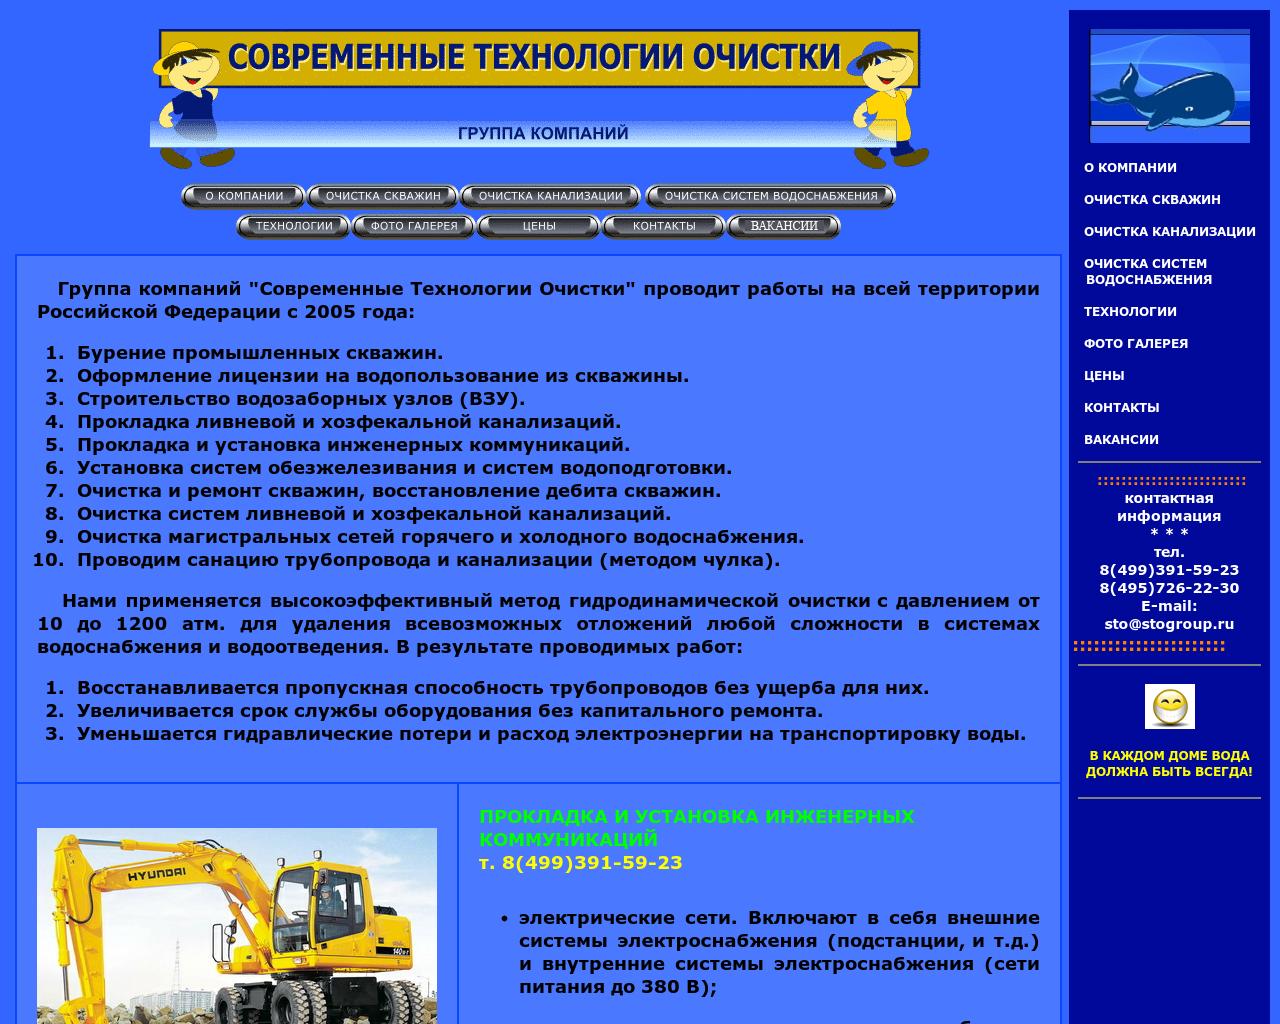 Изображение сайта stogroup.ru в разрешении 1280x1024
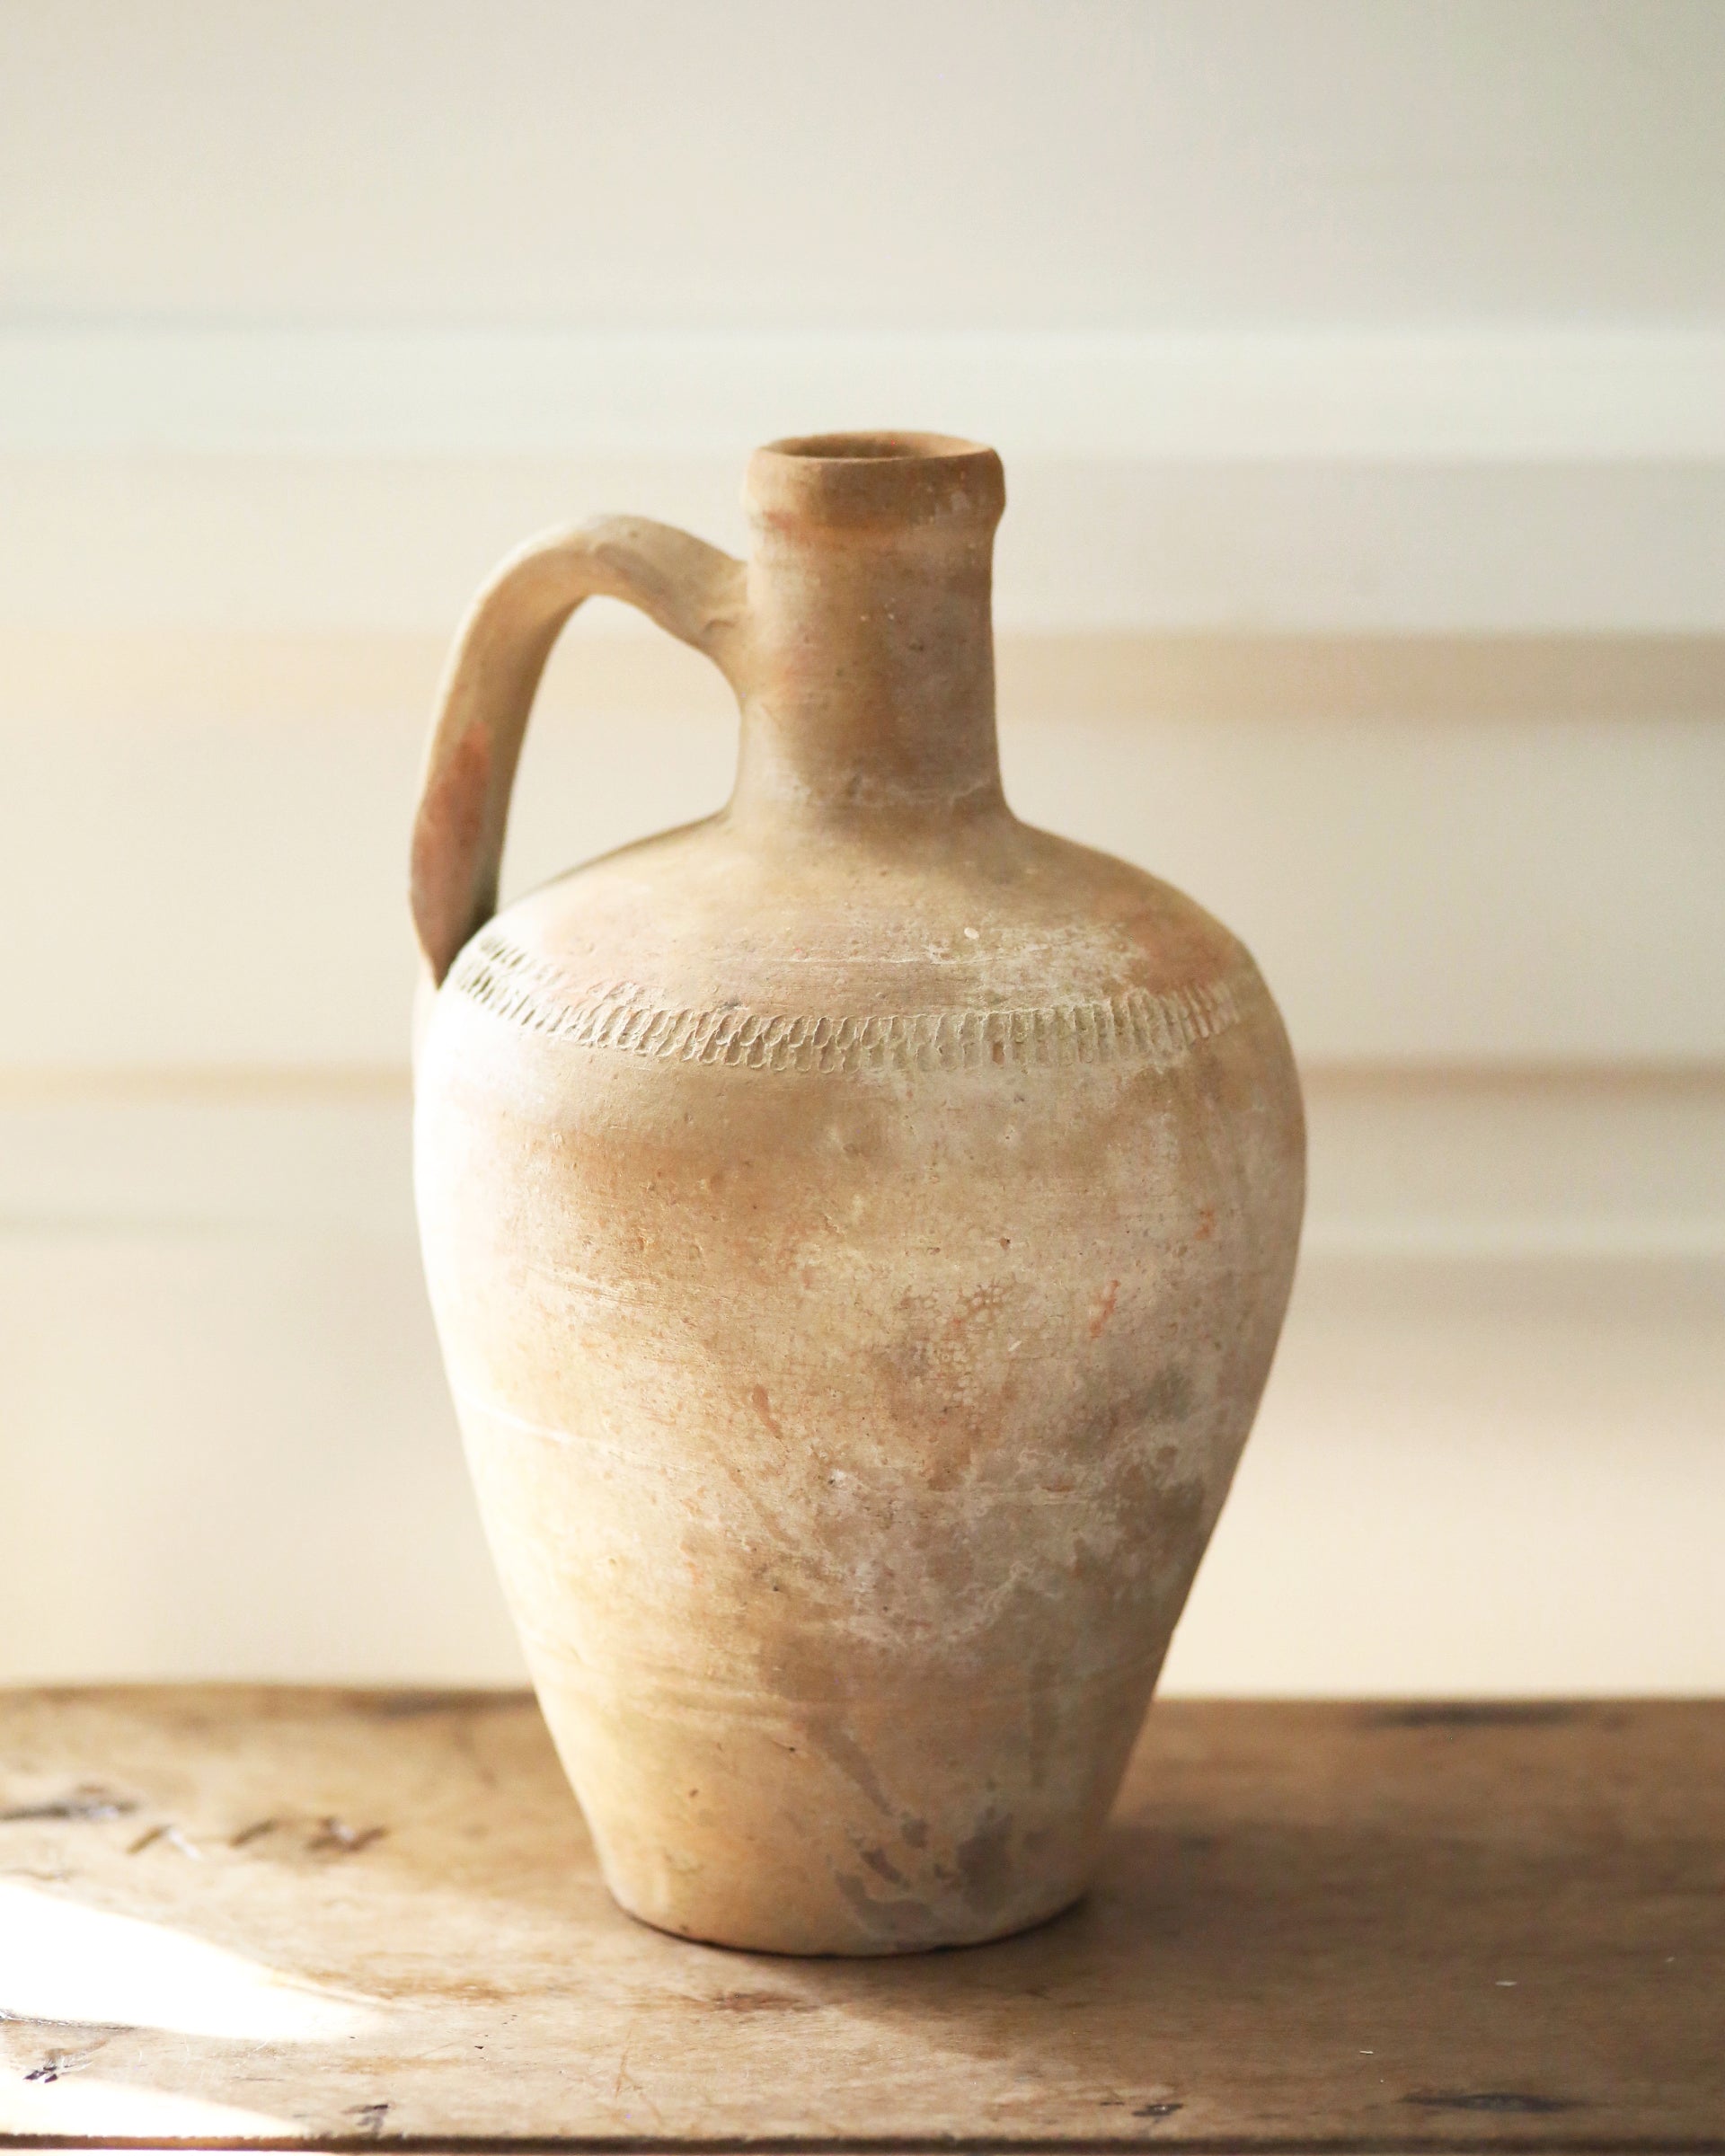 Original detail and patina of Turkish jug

++++++

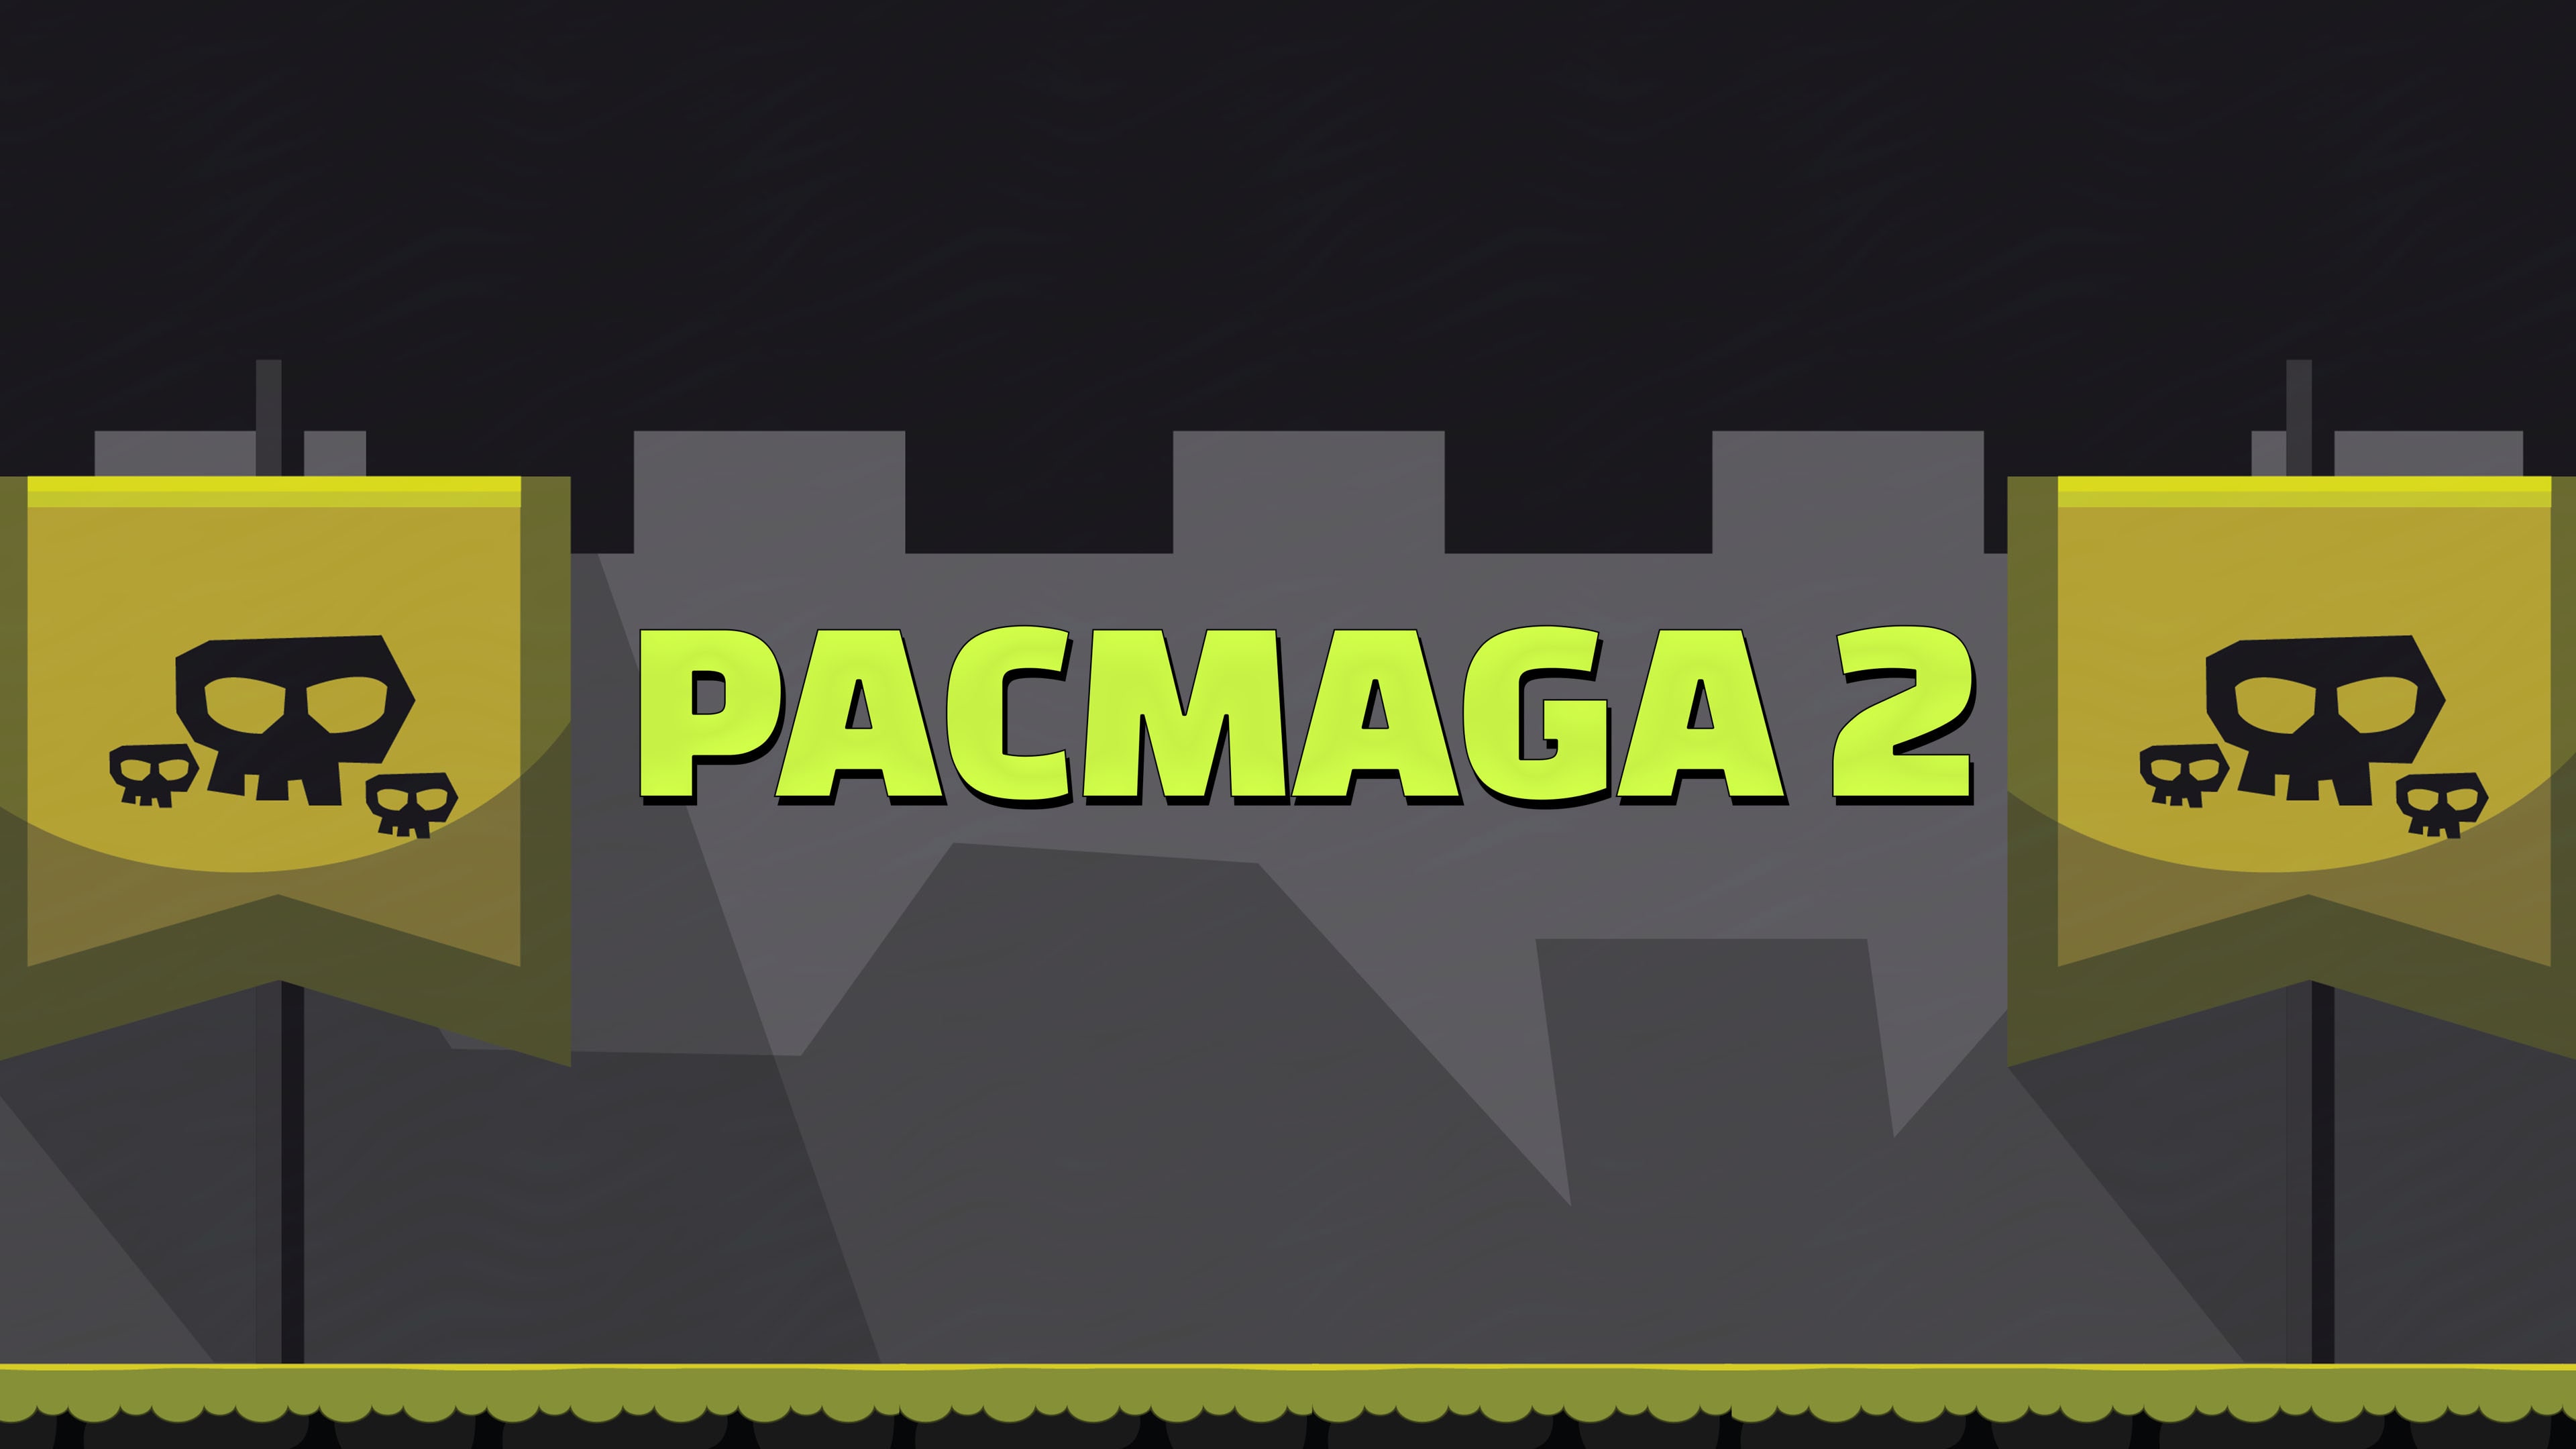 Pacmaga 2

++++++

Description of the task. Copy the listing above exactly, but only from the line with "Изображение сайта stogroup.ru" through the line with "Original detail and patina of Turkish jug", including those two lines and excluding any picture.

Written response.
 Изображение сайта stogroup.ru в разрешении 1280x1024
 Original detail and patina of Turkish jug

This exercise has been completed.